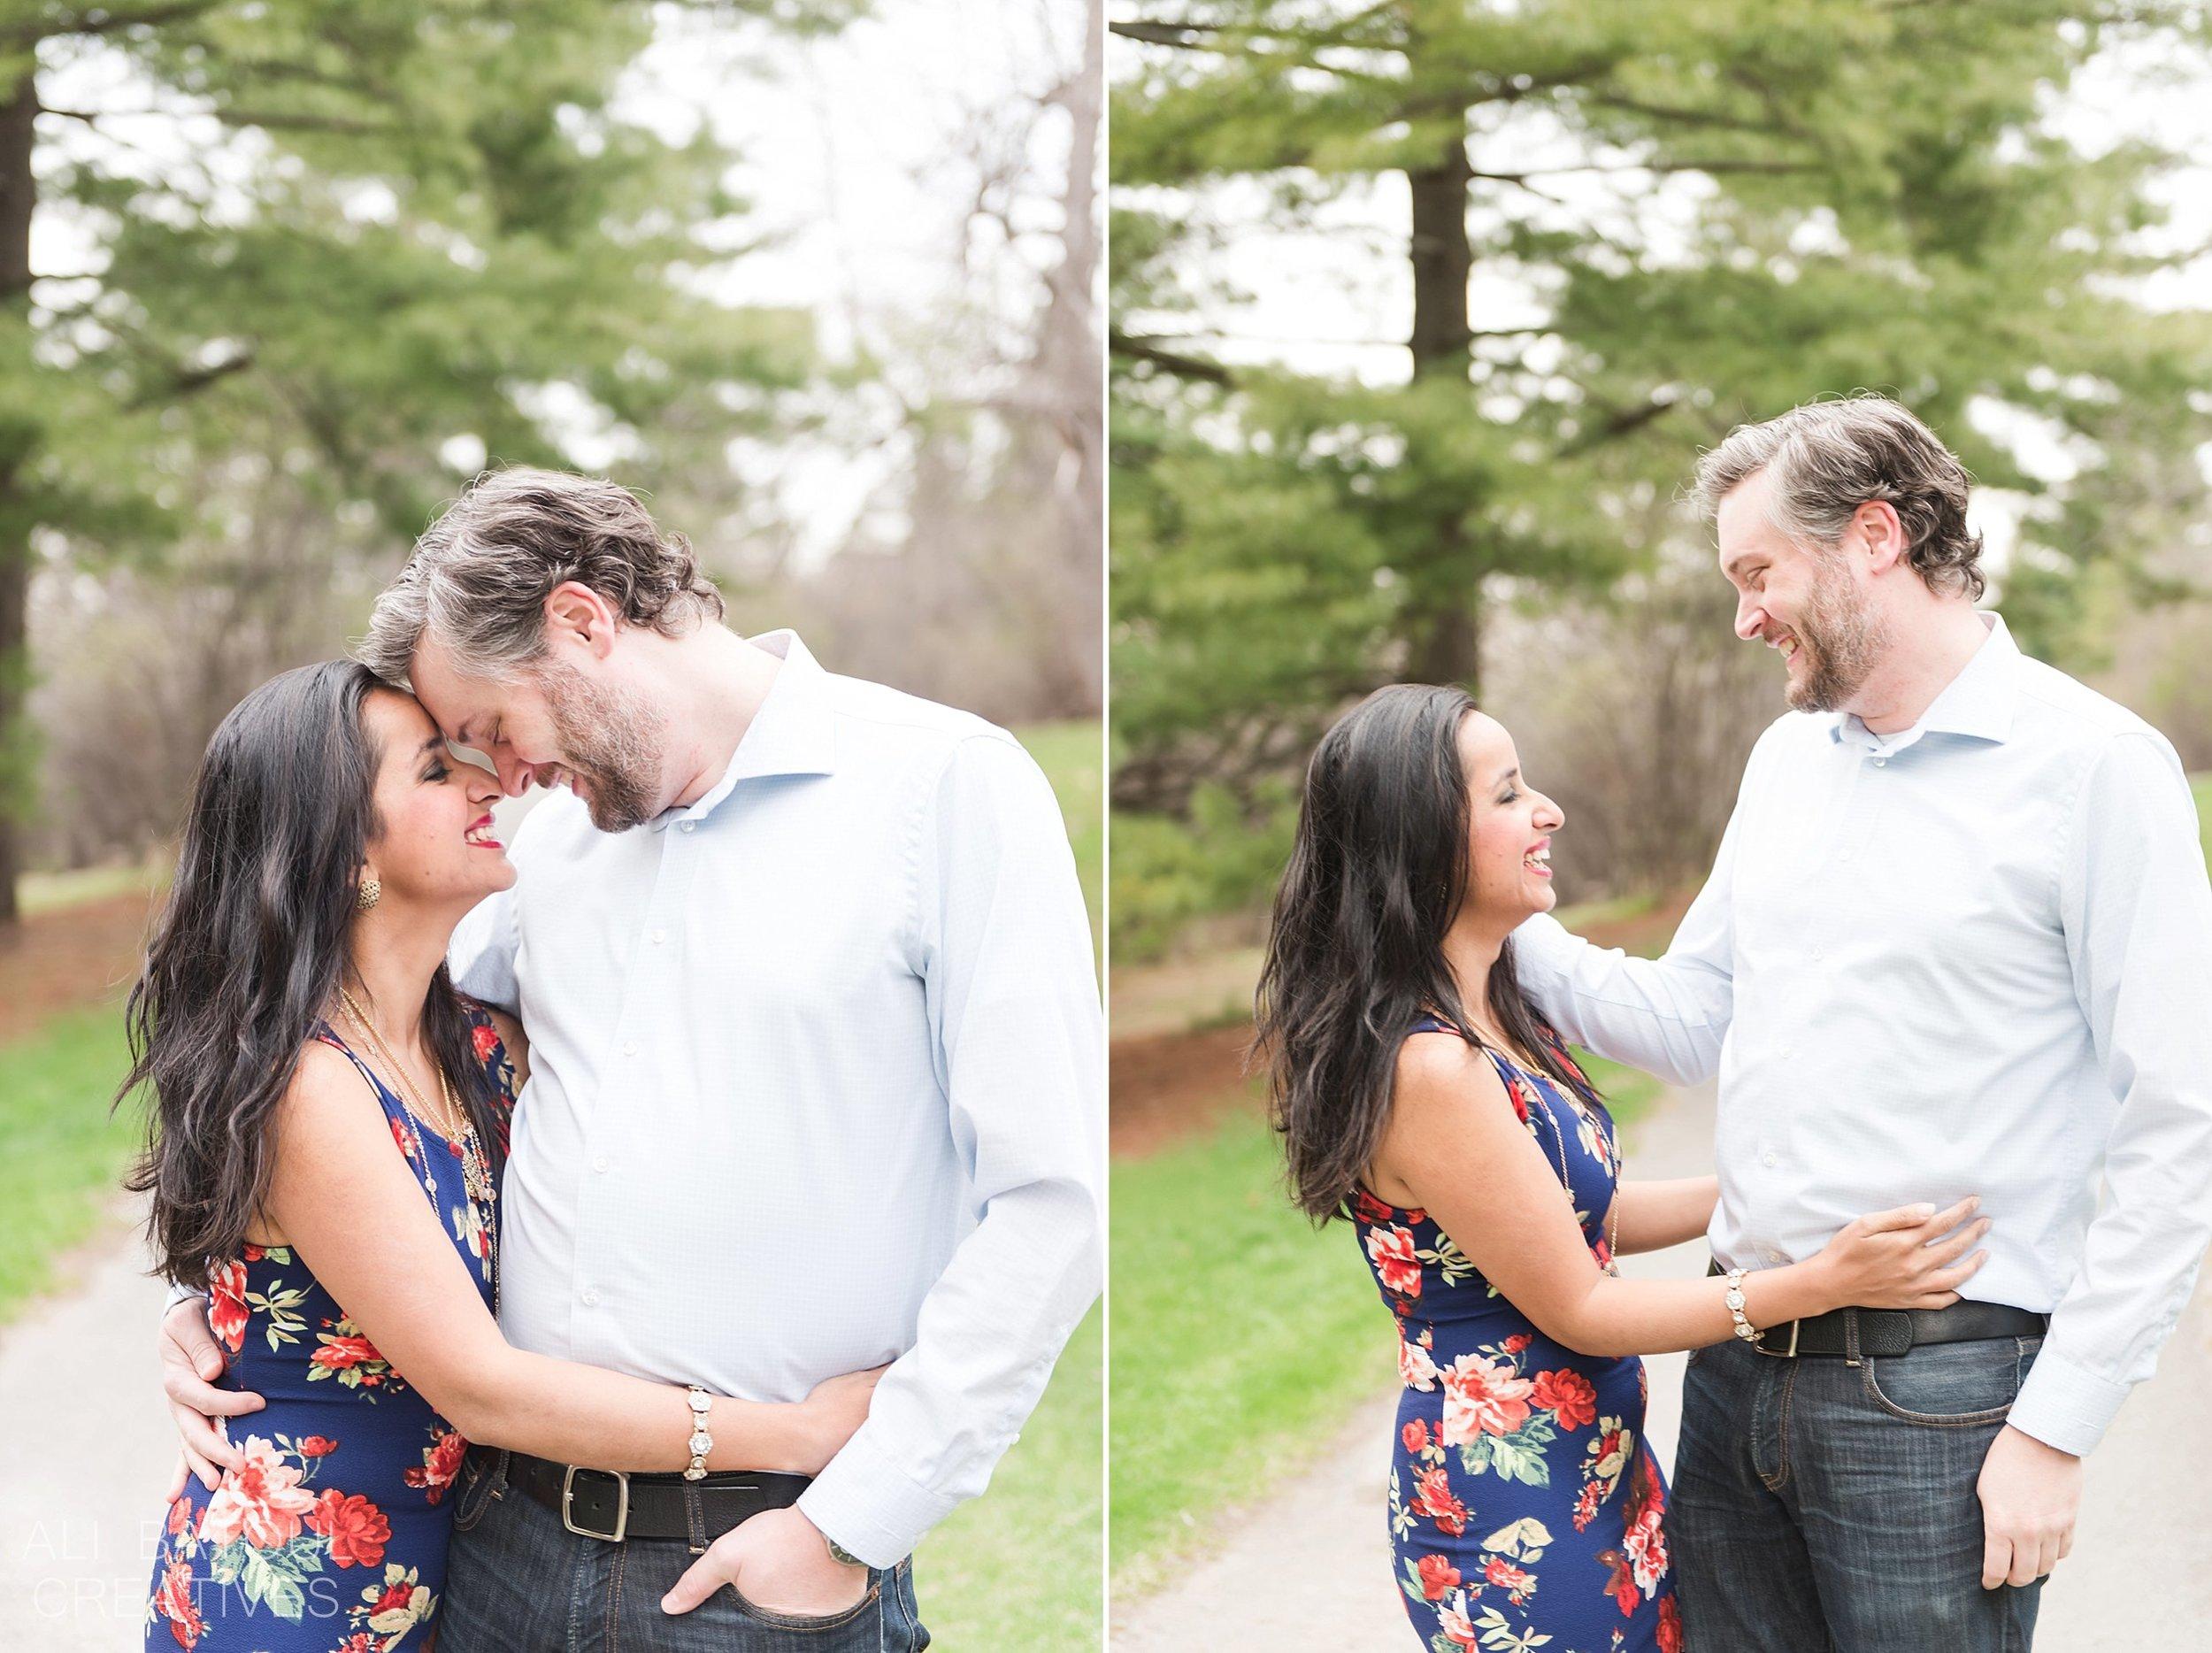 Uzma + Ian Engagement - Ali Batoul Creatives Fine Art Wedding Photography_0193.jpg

==

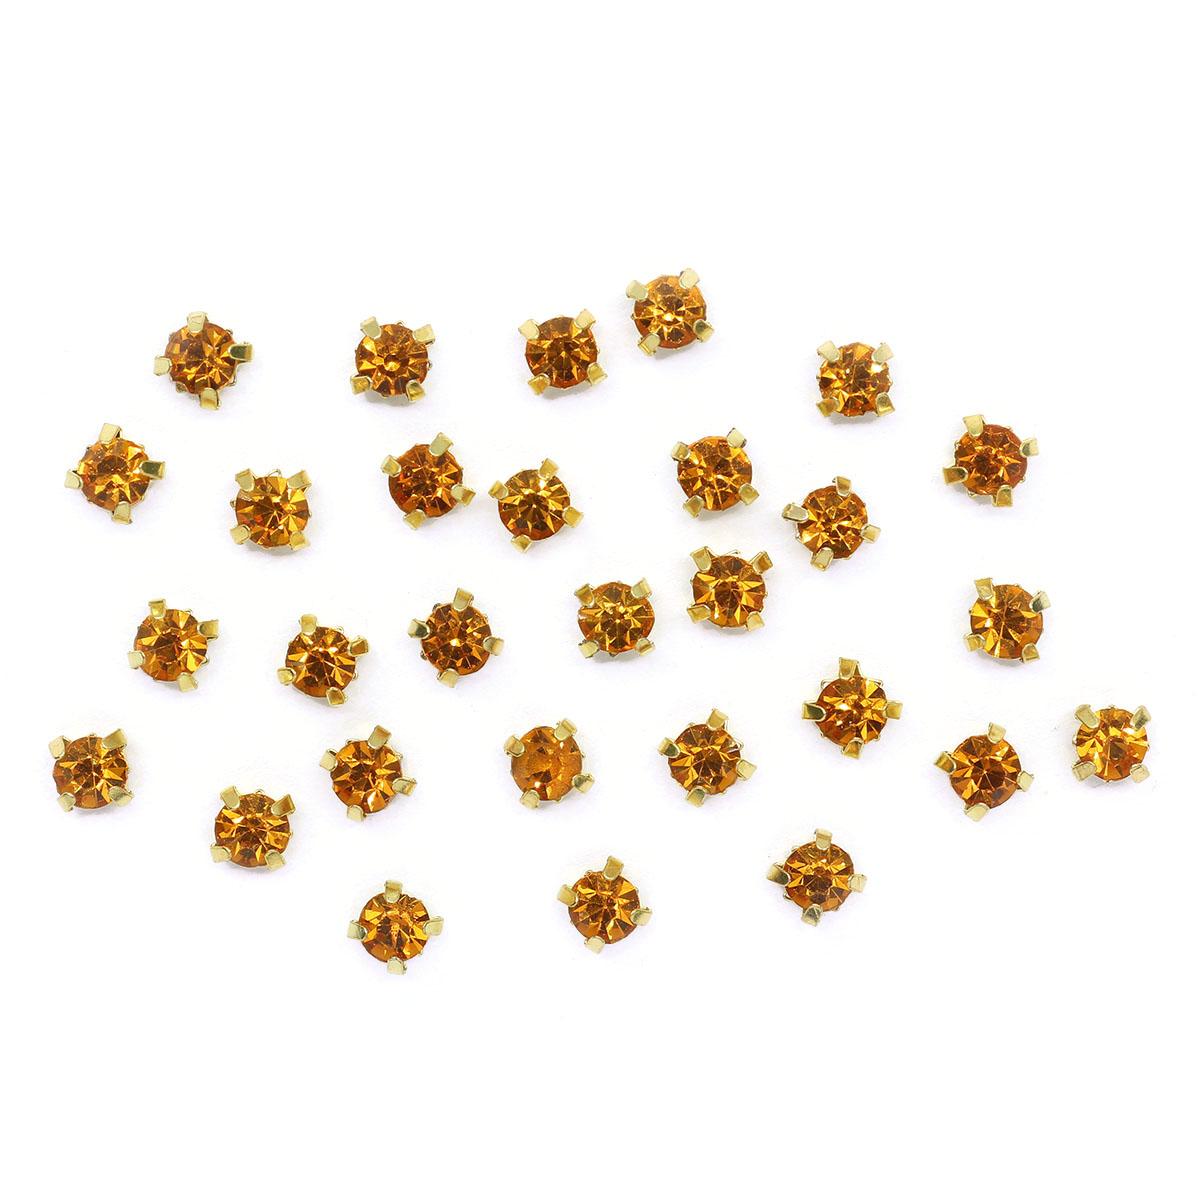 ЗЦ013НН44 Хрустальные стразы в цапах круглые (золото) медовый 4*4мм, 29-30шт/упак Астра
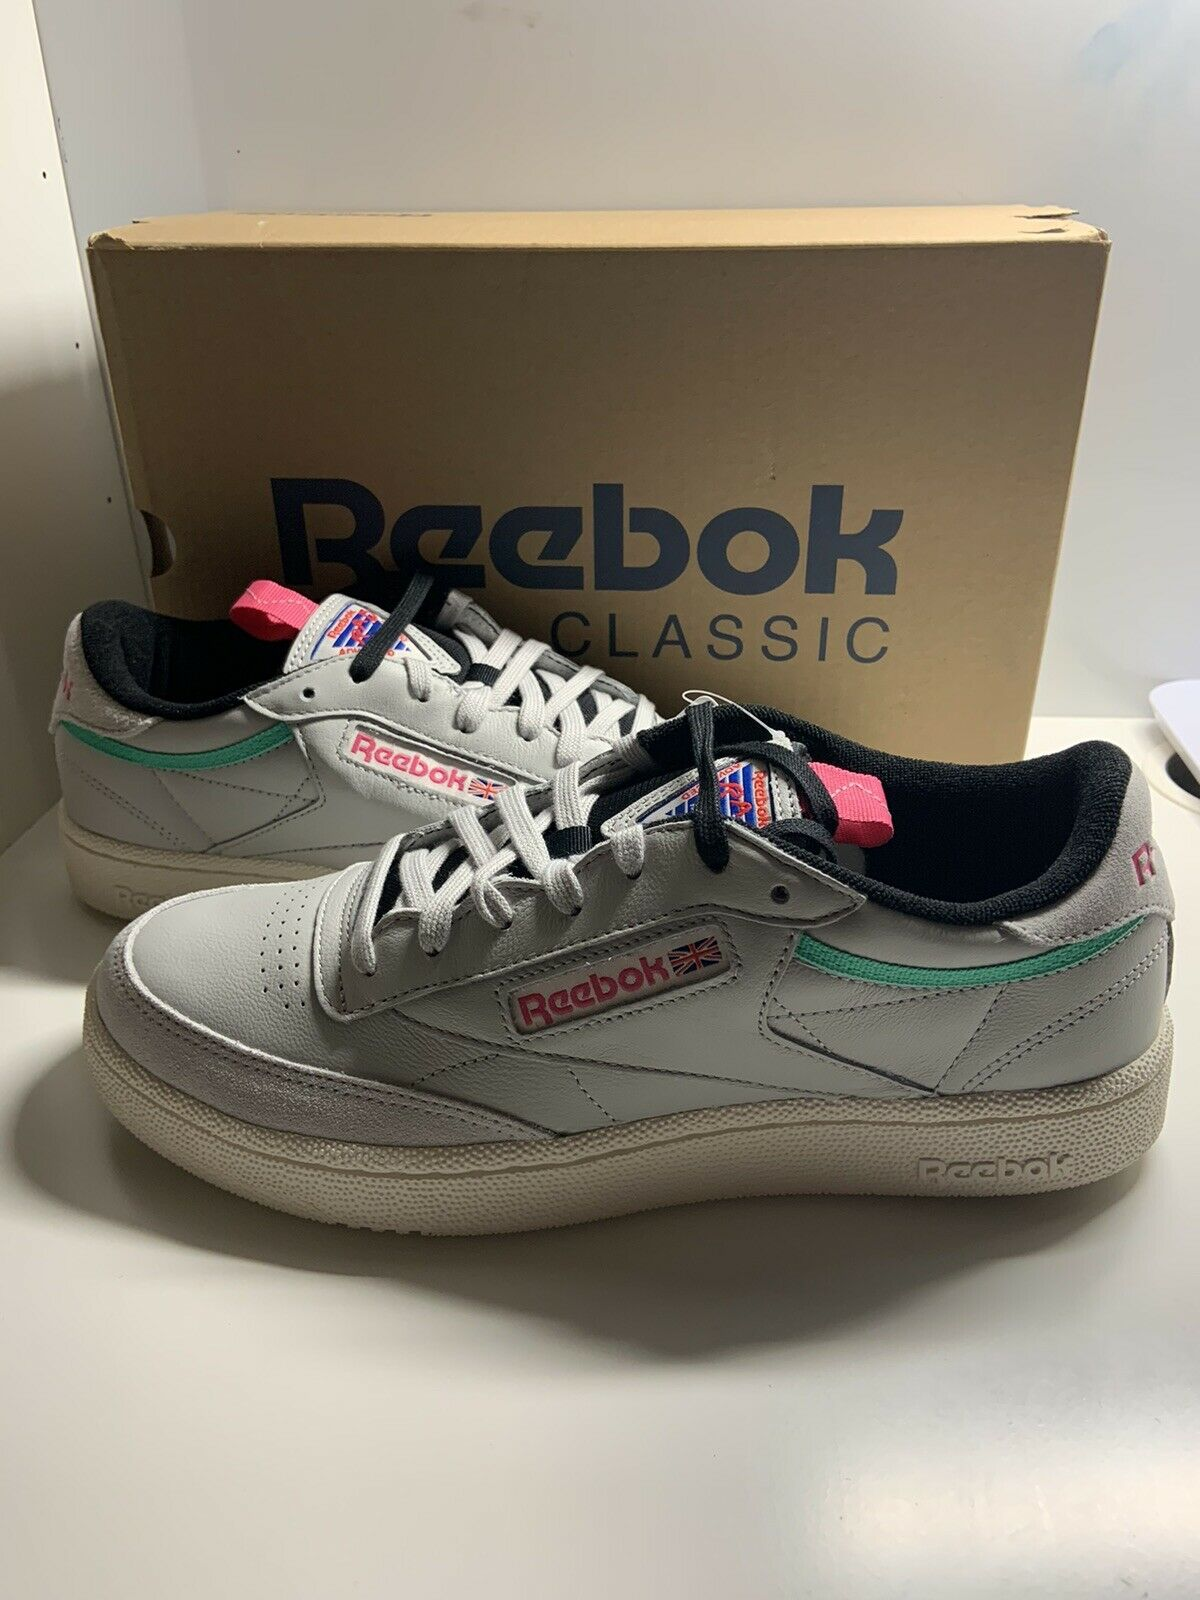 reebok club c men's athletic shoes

- [HOW TO COMPLETE THIS TASK]
Using the data above, output the line that has "ЗЦ013НН44 Хрустальные стразы", the line that has "reebok club c men's athletic shoes", and whatever lines fall between, each exactly as it stands and without pictures.

- [SOLUTION BELOW]
 ЗЦ013НН44 Хрустальные стразы в цапах круглые (золото) медовый 4*4мм, 29-30шт/упак Астра
 reebok club c men's athletic shoes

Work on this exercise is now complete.